WHAT IS EXPECTED
When you return the lines below, go from the first through the line with "Jacquard Ribbon Trim", keep them exact, and leave out every picture.
START RECORDS PROVIDED
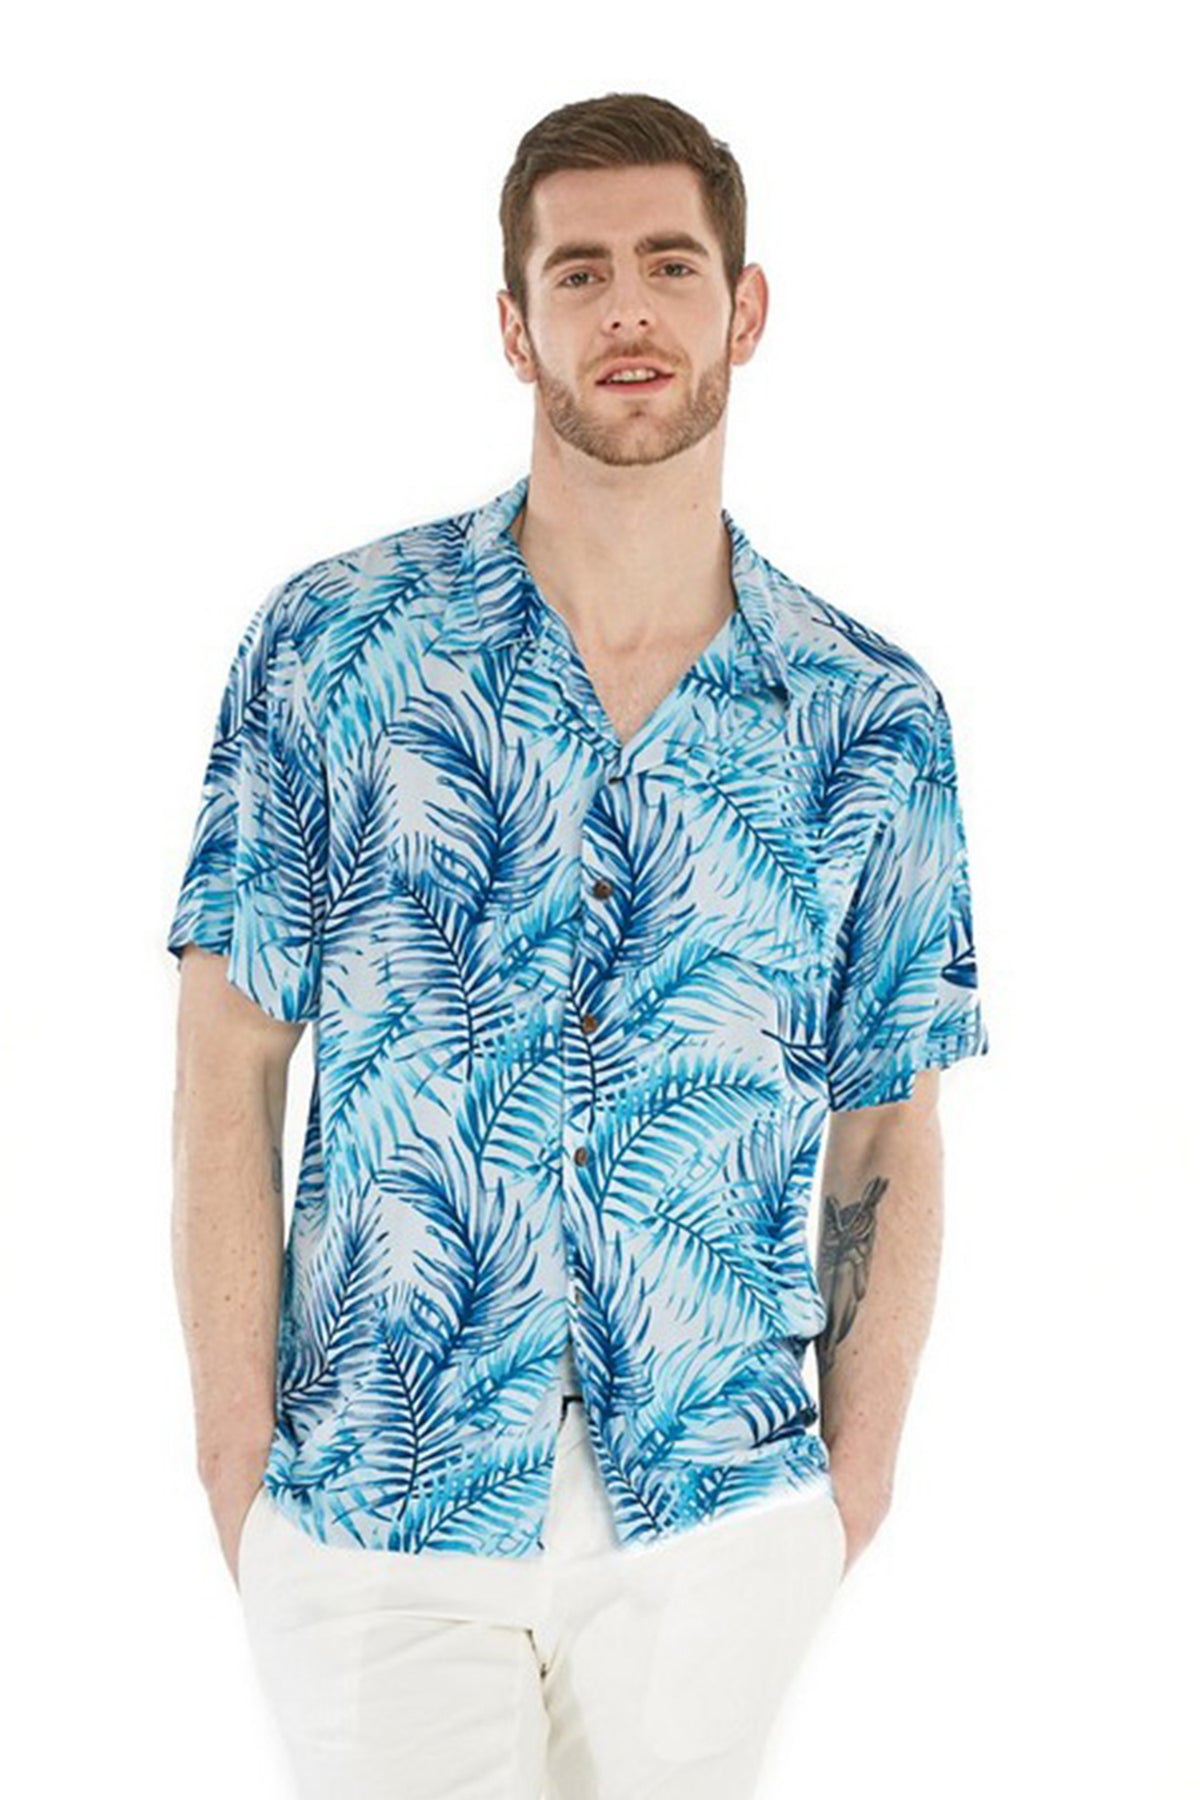 Hawaii Hangover Men's Hawaiian Shirt Aloha Shirt 2XL Simply Blue Leaves
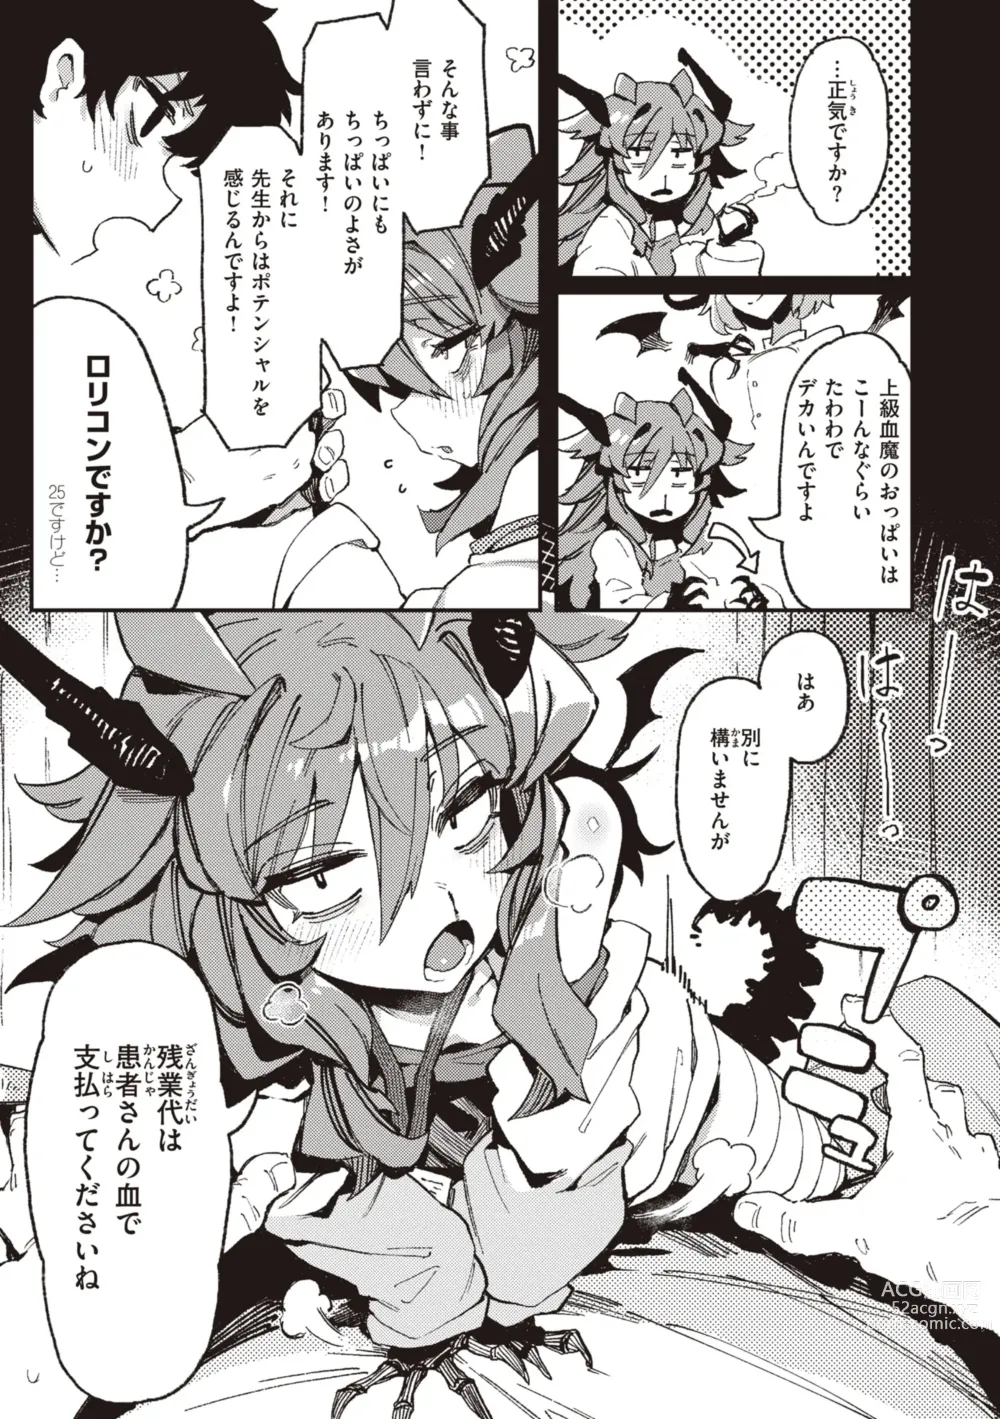 Page 7 of manga Ino Megami-tachi - interspecies venus
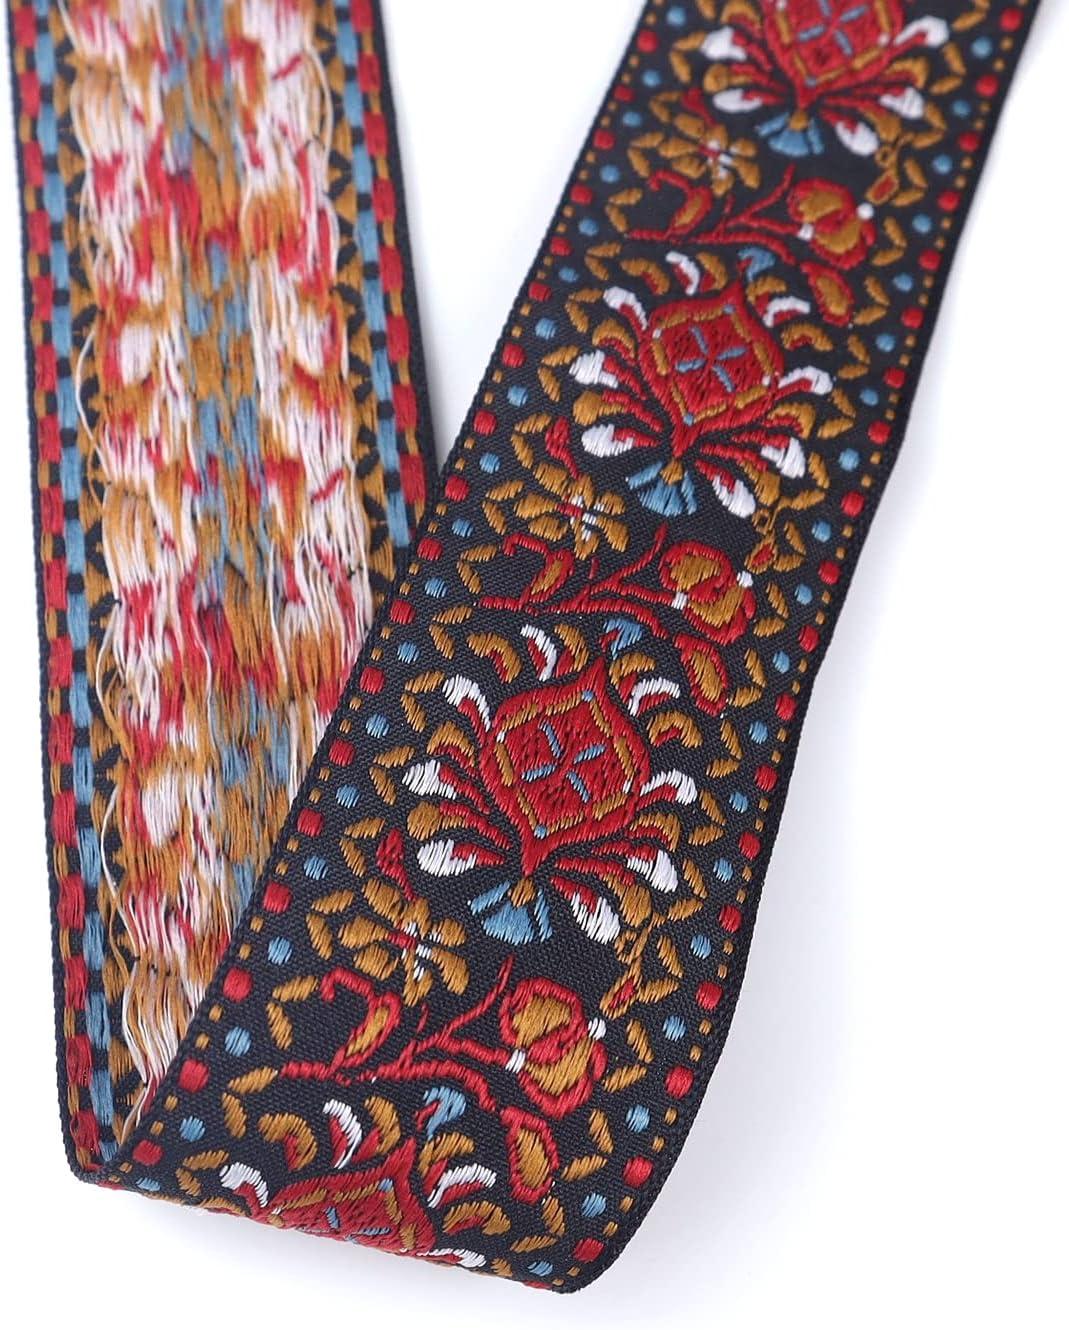 Jacquard Ribbon Trim Sewing Embroidered Ribbon Jacquard Trim for Sewing  Clothing Home Decor Wedding Bag
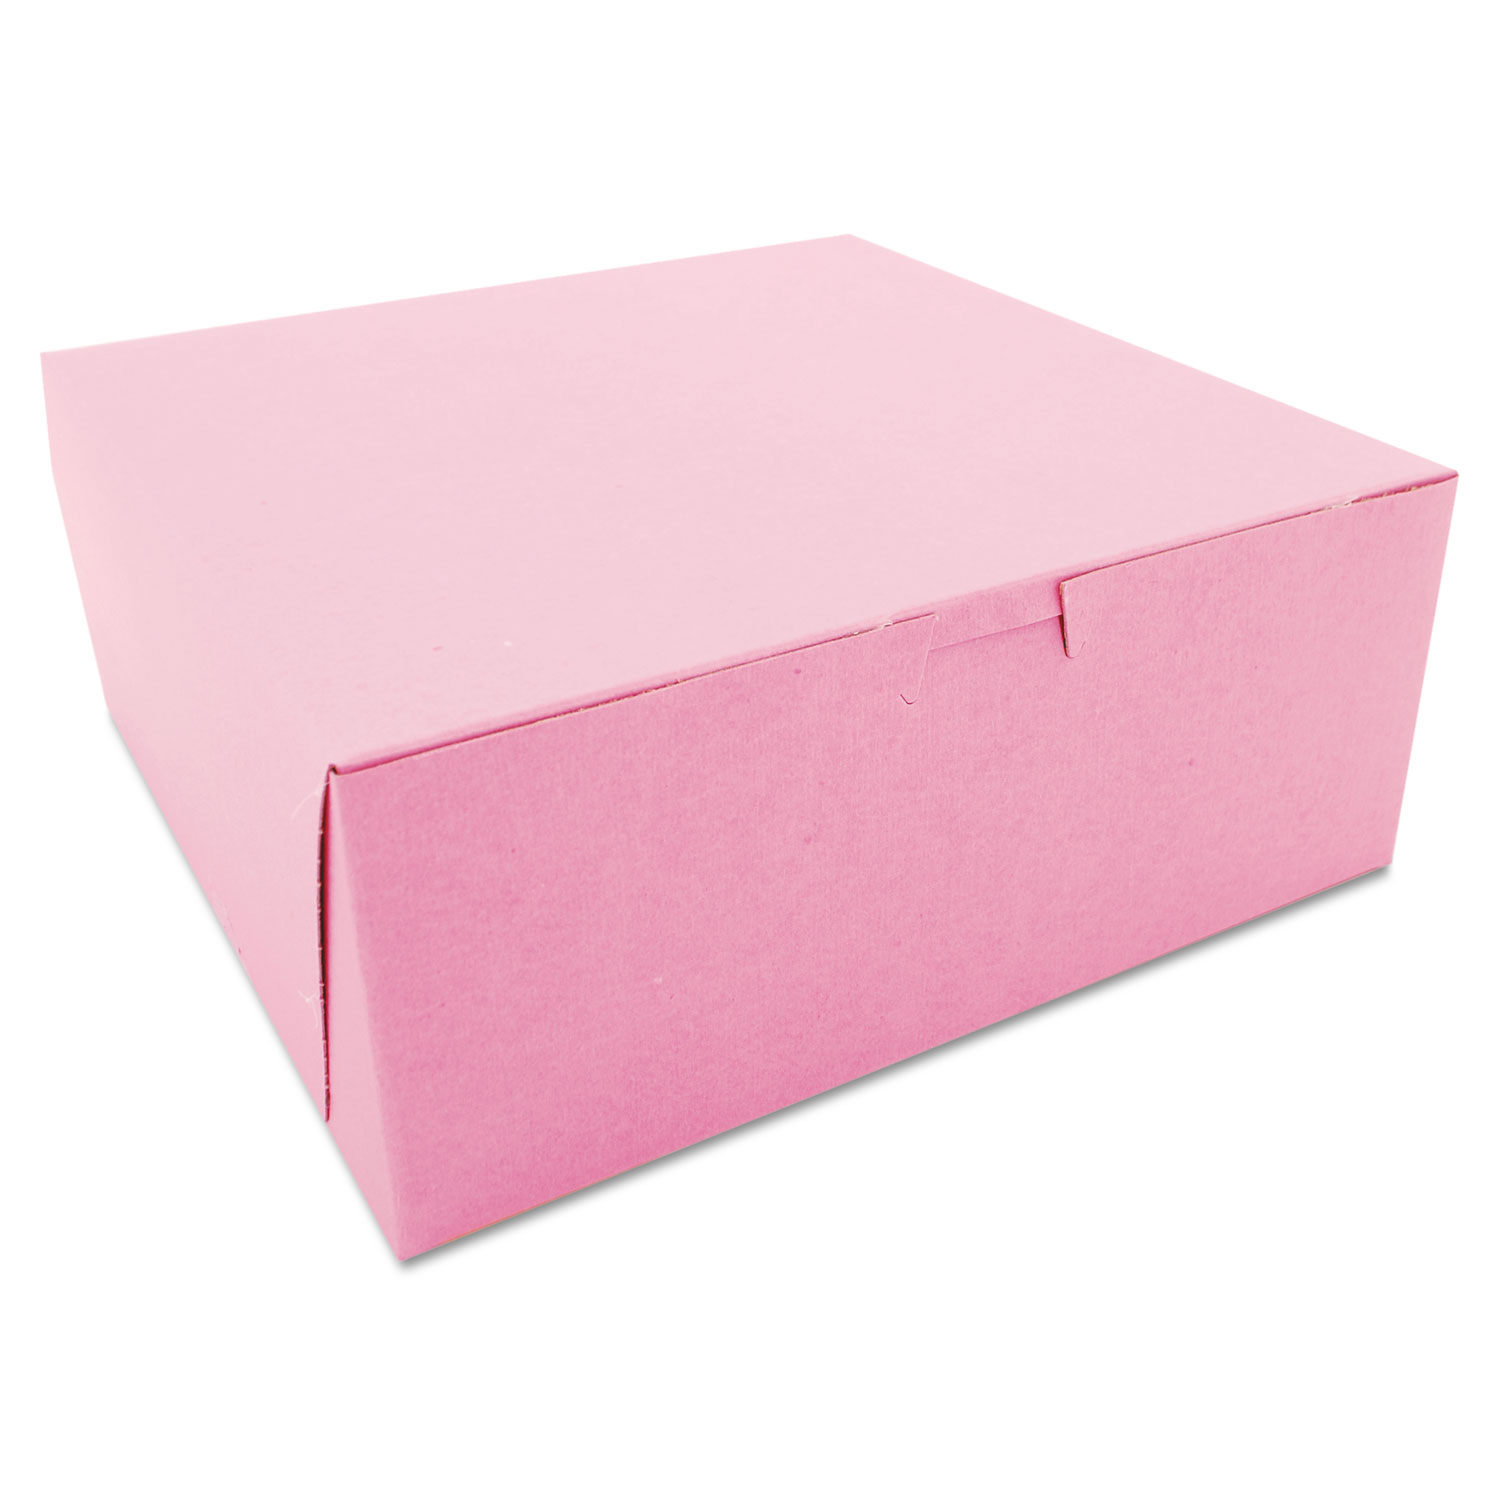  SCT SCH 0873 Non-Window Bakery Boxes, 10 x 10 x 4, Pink, 100/Carton (SCH0873) 
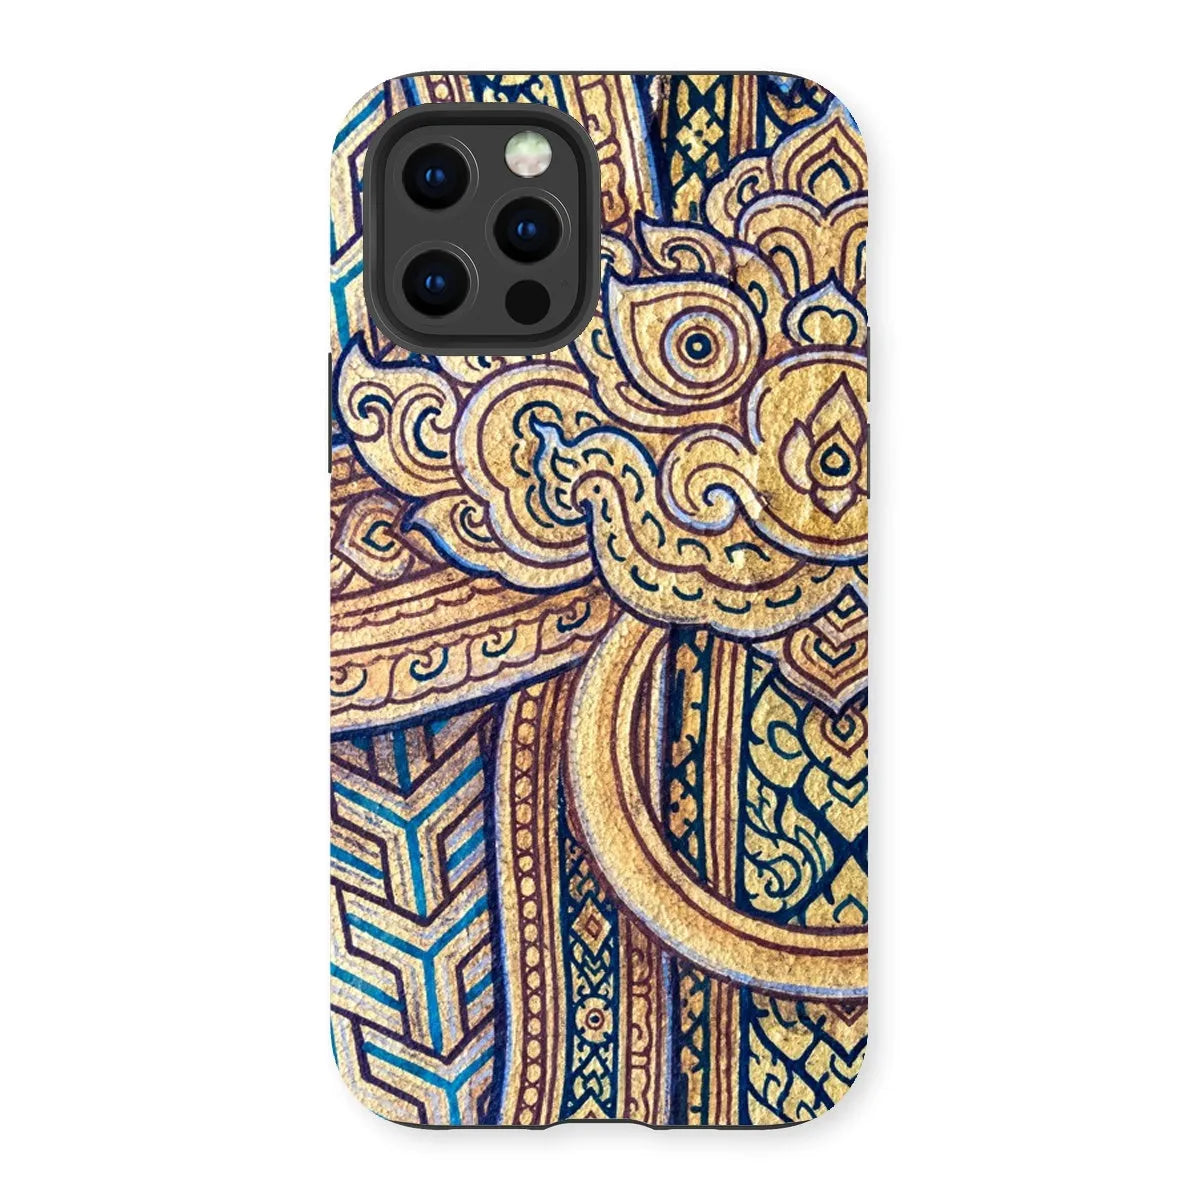 Man’s Best Friend - Thai Aesthetic Art Phone Case - Iphone 13 Pro / Matte - Mobile Phone Cases - Aesthetic Art
END RECORDS PROVIDED
RESULT FOR THIS TASK
 Hawaii Hangover Men's Hawaiian Shirt Aloha Shirt 2XL Simply Blue Leaves
 Page 7 of manga Ino Megami-tachi - interspecies venus
 Jacquard Ribbon Trim Sewing Embroidered Ribbon Jacquard Trim for Sewing  Clothing Home Decor Wedding Bag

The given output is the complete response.